La Cour suprême maintient le droit du sol, échec pour Donald Trump.
La Cour annule un décret signé le 20 janvier 2025 par Donald Trump, le plus contesté de son second mandat, qui supprimait le droit du sol pour les enfants d’immigrés en situation irrégulière. Selon des projections réalisées en mai 2025 par des chercheurs de l’université Penn State, une révocation du droit du sol accroîtrait le nombre d’immigrés clandestins de 2,7 millions d’ici 2045 et de 5,4 millions d’ici 2075.
Dans une décision rendue par trois des six juges conservateurs, y compris le président de la Cour, et les trois juges progressistes, la Cour annule un décret signé le 20 janvier 2025 par Donald Trump, le plus contesté de son second mandat.

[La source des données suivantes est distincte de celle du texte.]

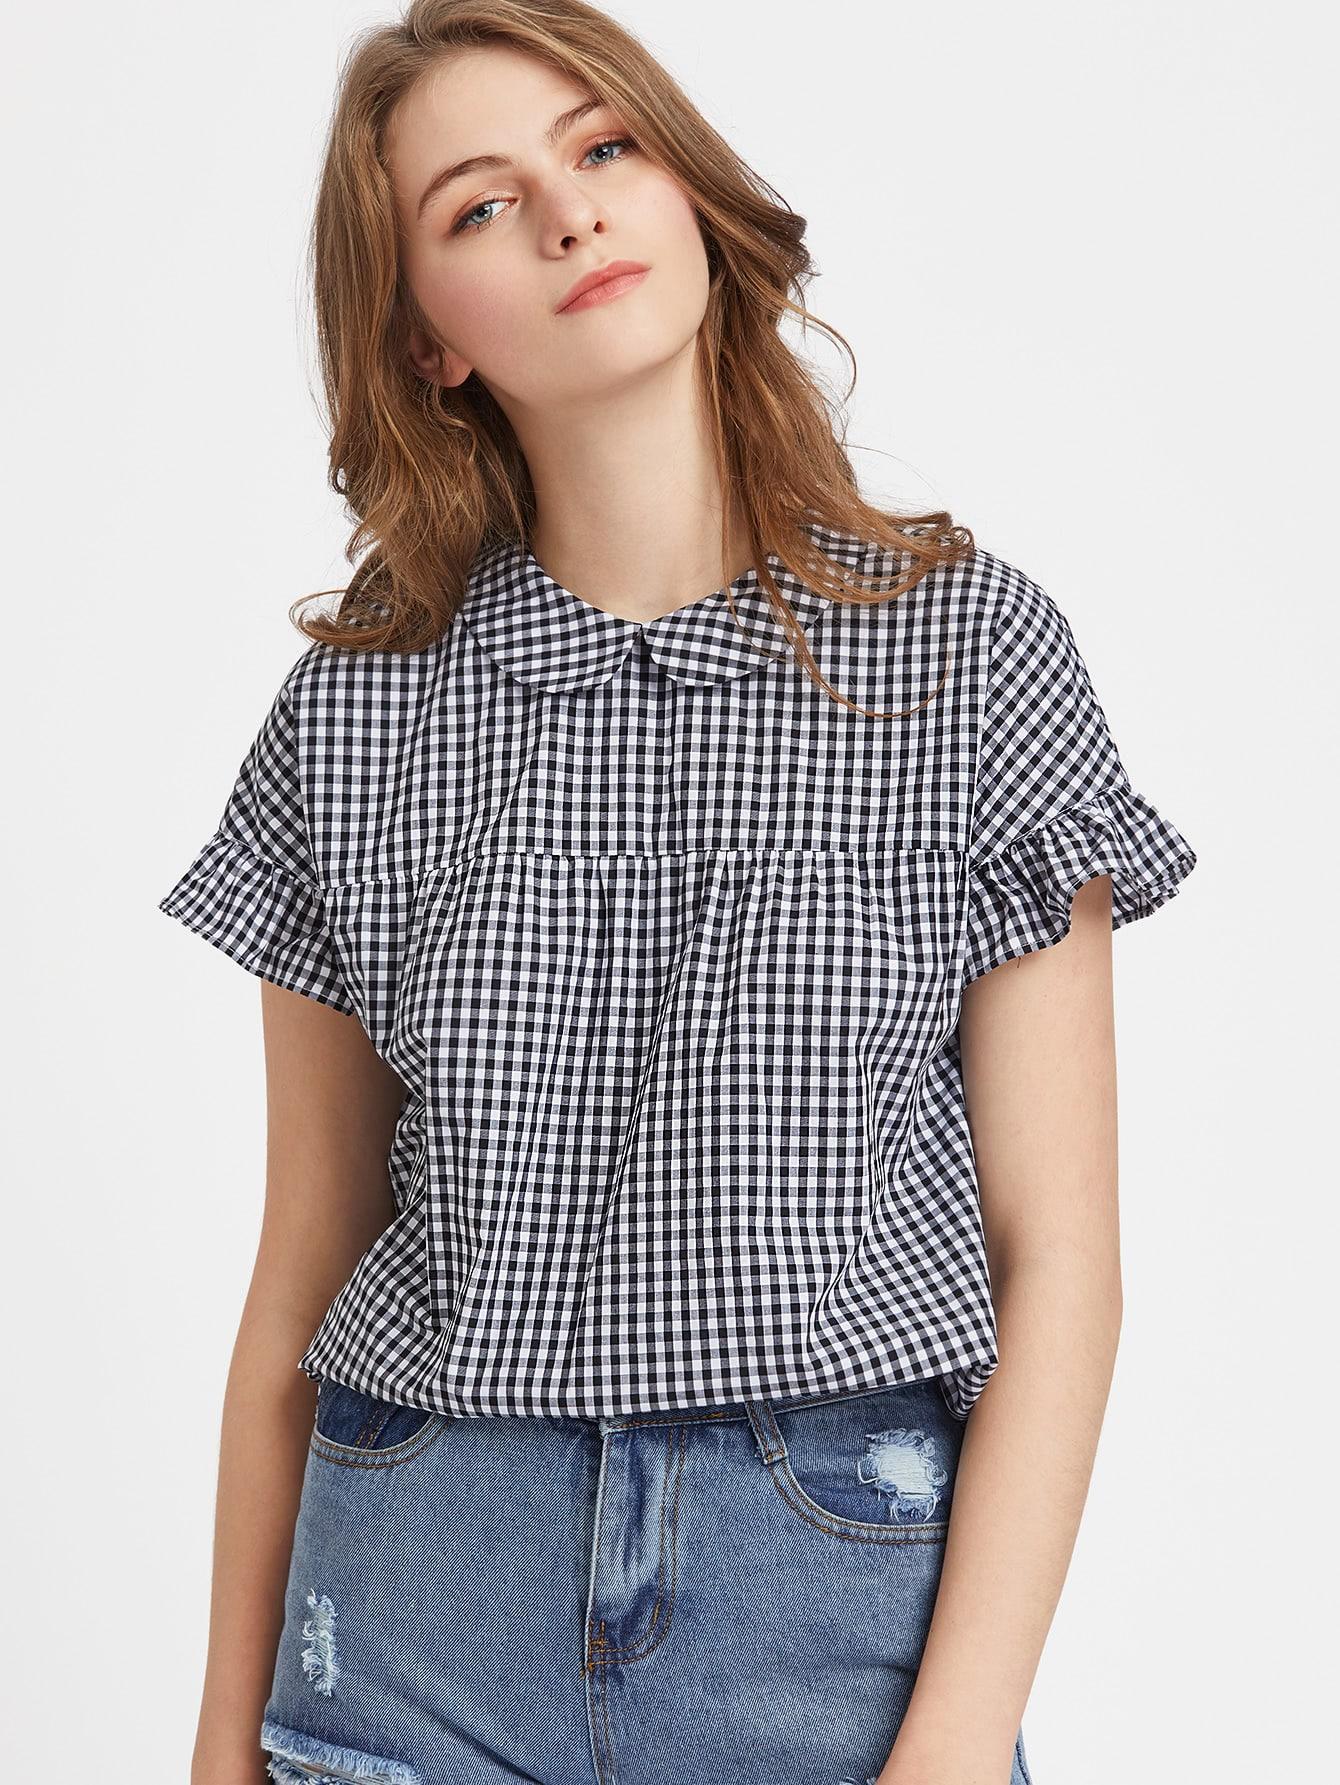 blouse170406701_2

Ce décret, déclaré inconstitutionnel par toutes les juridictions inférieures saisies, visait à supprimer le droit du sol pour les enfants d’immigrés en situation irrégulière, afin de mettre fin à ce que le président républicain considère comme une incitation à l’immigration clandestine, prioritaire à ses yeux.
Cependant, dans son arrêt rédigé au nom de la Cour, le président John Roberts conclut que les enfants nés aux États-Unis de parents « présents illégalement ou temporairement » demeurent néanmoins « citoyens par la naissance en vertu du 14e amendement » de la Constitution.

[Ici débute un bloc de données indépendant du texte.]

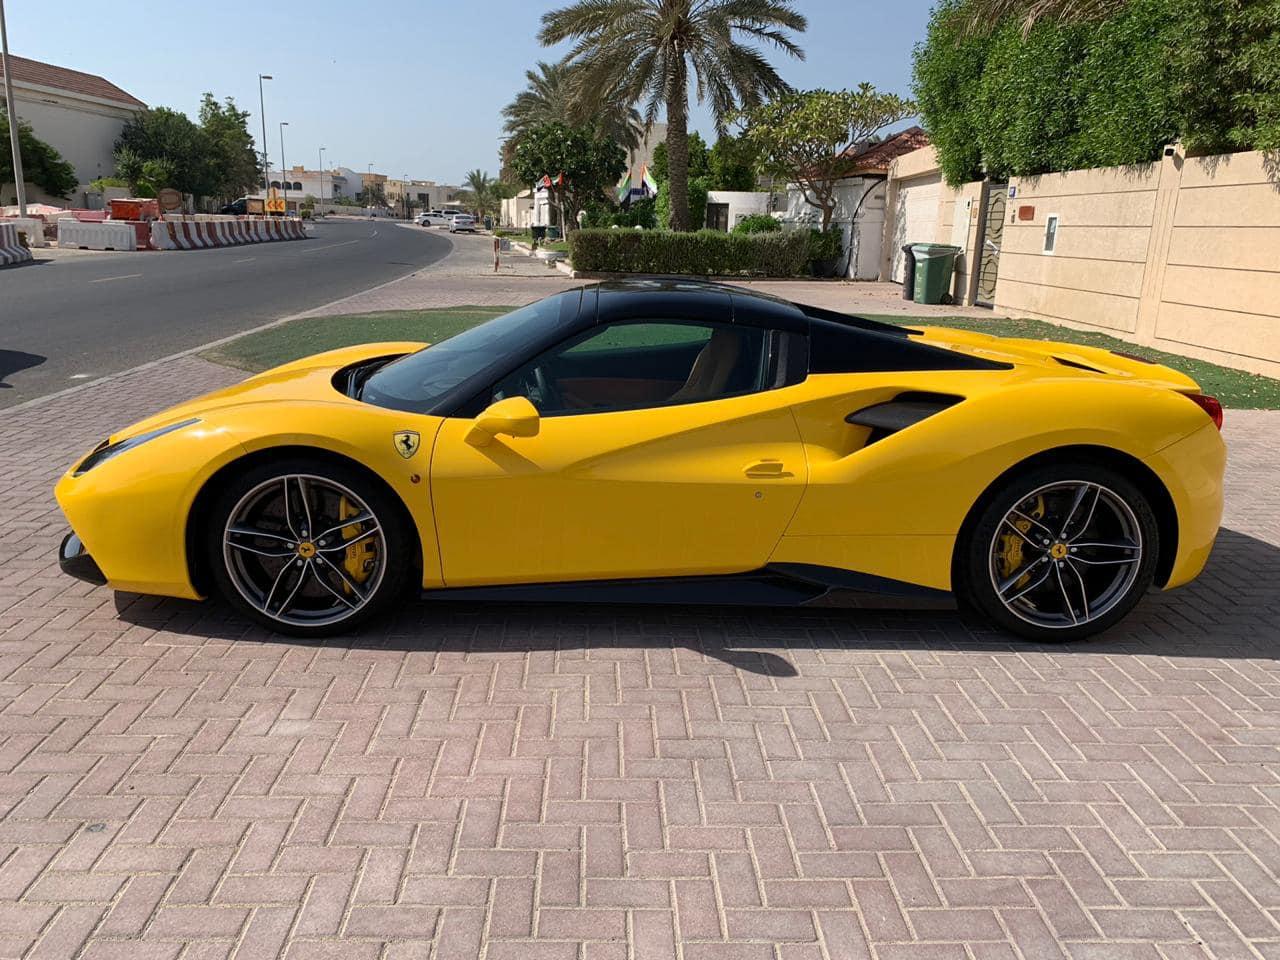 siêu xe Ferrari cho đại gia mới nổi

Le principe du droit du sol, qui stipule que tout enfant né aux États-Unis est automatiquement citoyen américain, est ancré dans cet amendement adopté en 1868, après la guerre de Sécession, pour garantir les droits des esclaves affranchis et de leurs descendants.

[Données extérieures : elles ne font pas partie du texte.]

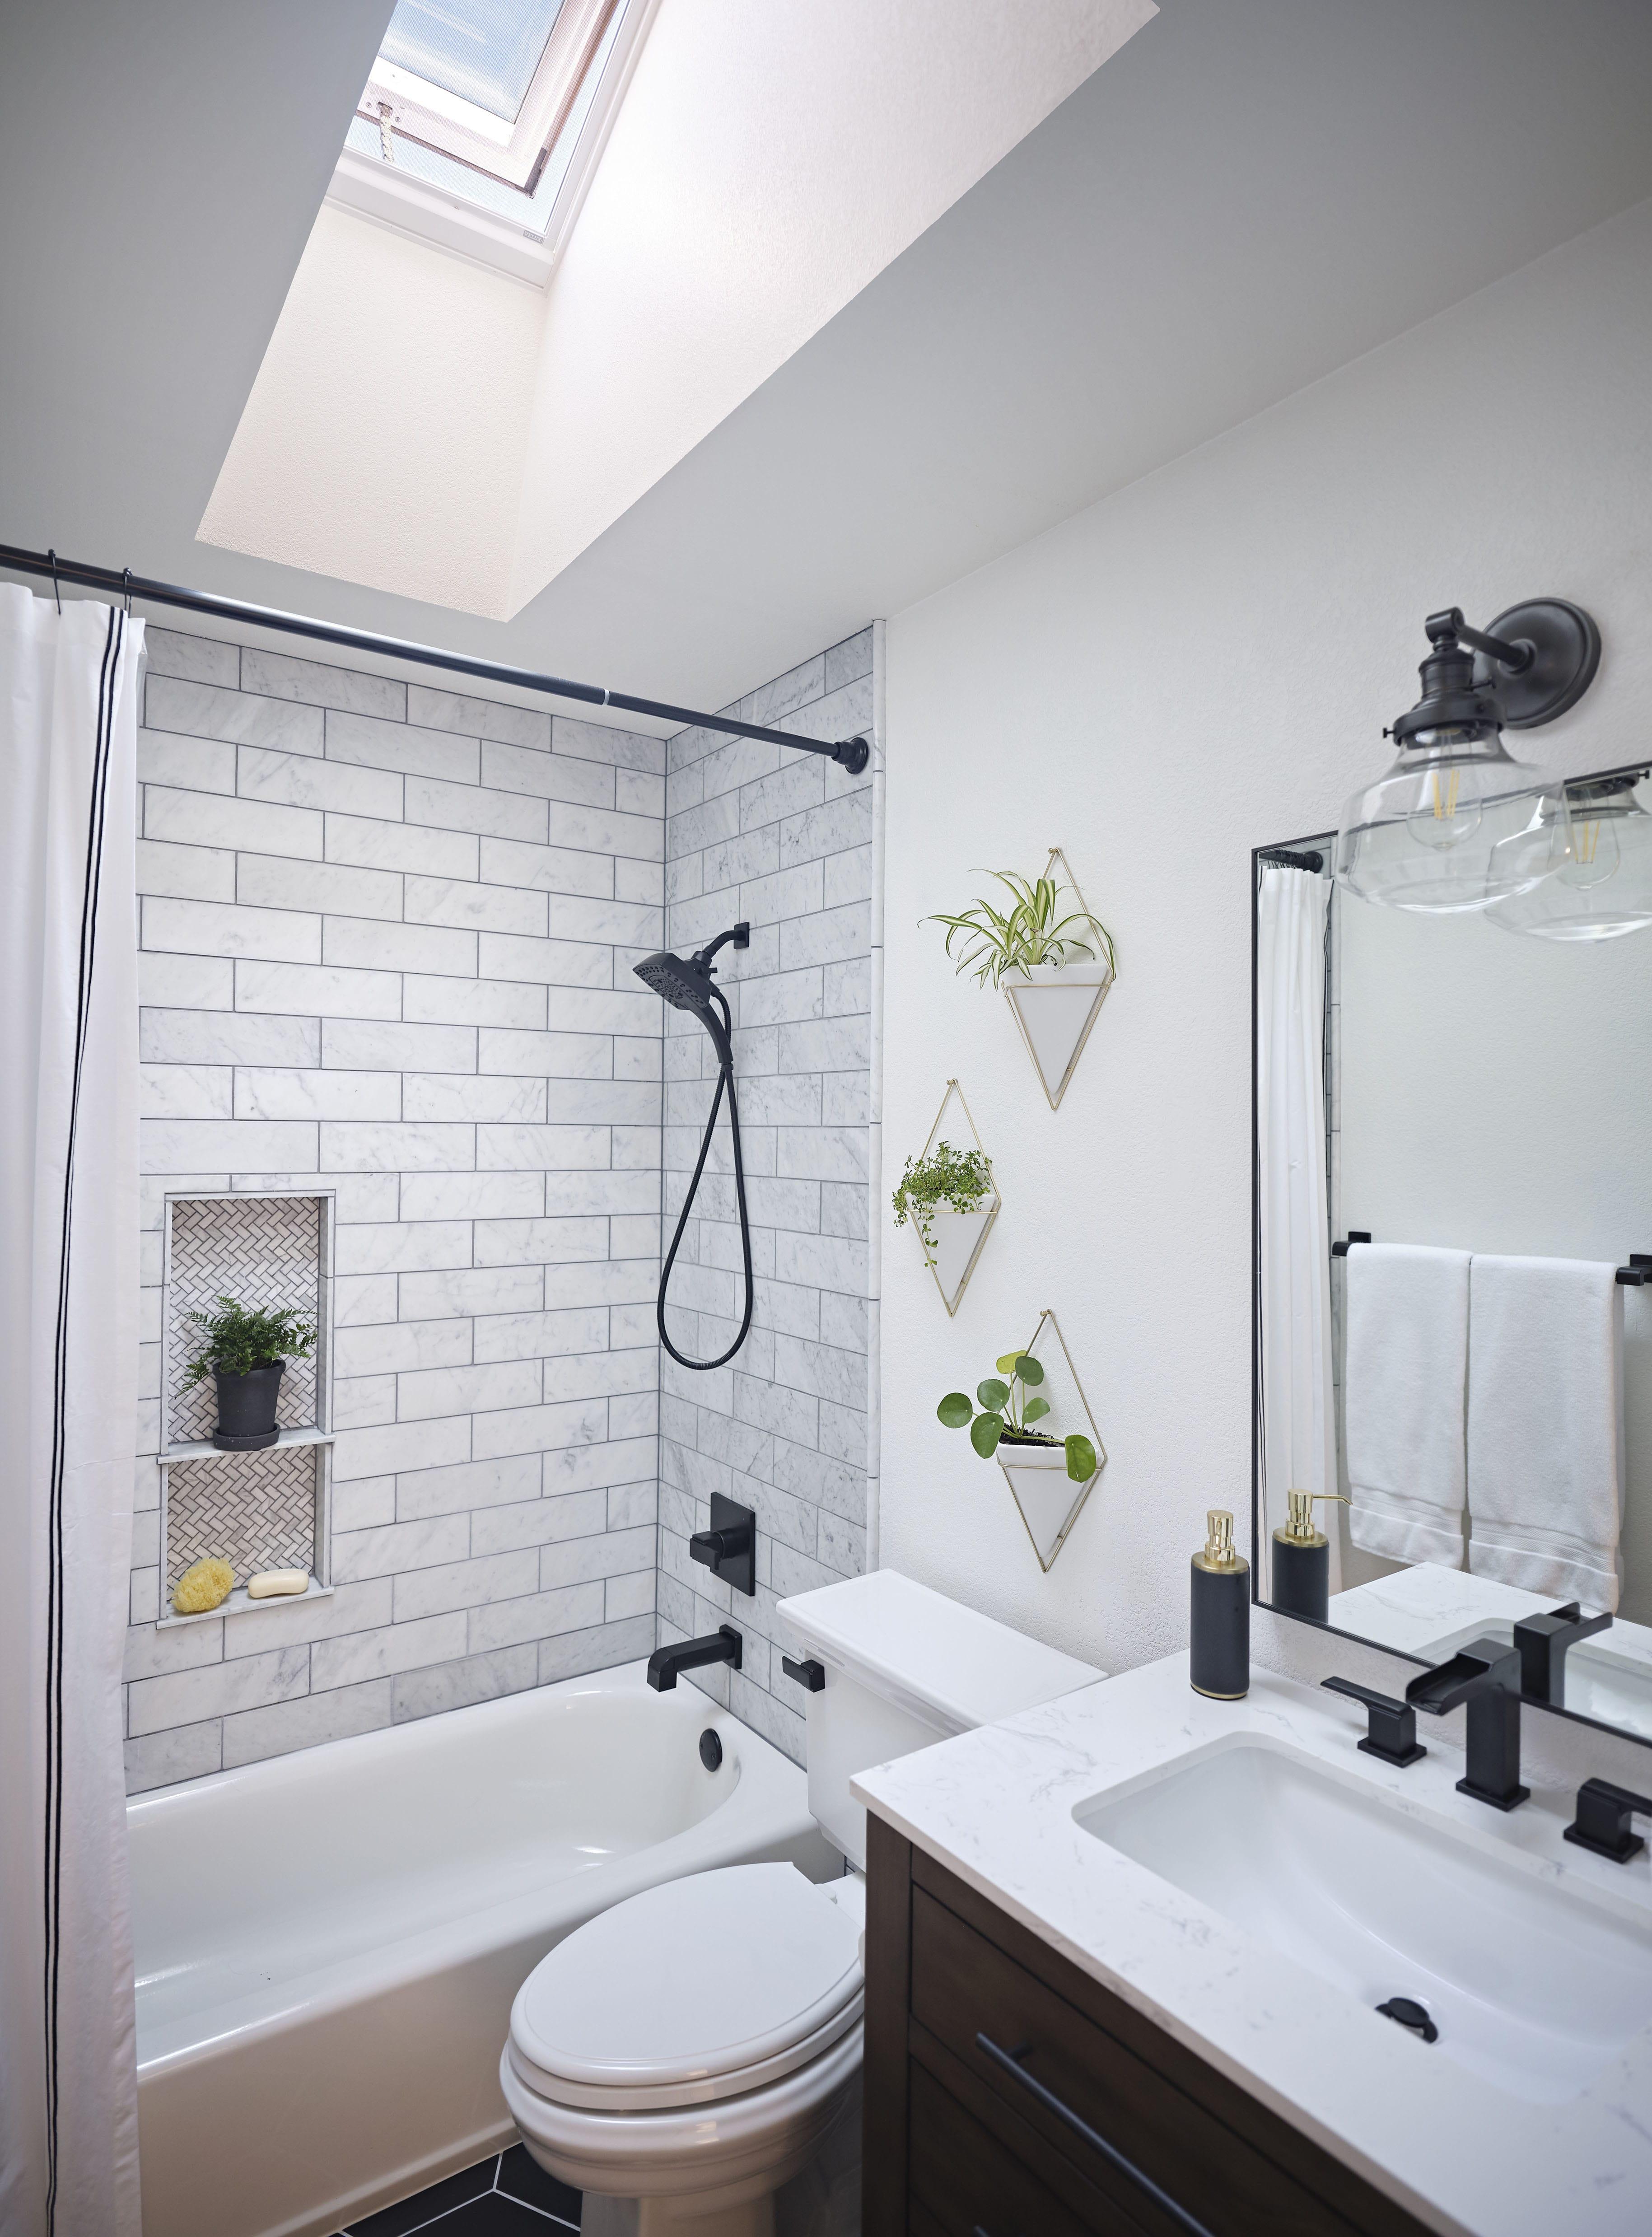 black-and-white-skylight-bathroom-feat.jpg#asset:4484

Selon des projections réalisées en mai 2025 par des chercheurs de l’université Penn State, avec environ 255 000 naissances par an, une révocation du droit du sol pour les enfants d’immigrés en situation irrégulière ou de résidents temporaires entraînerait une augmentation du nombre d’immigrés clandestins de 2,7 millions d’ici 2045 et de 5,4 millions d’ici 2075.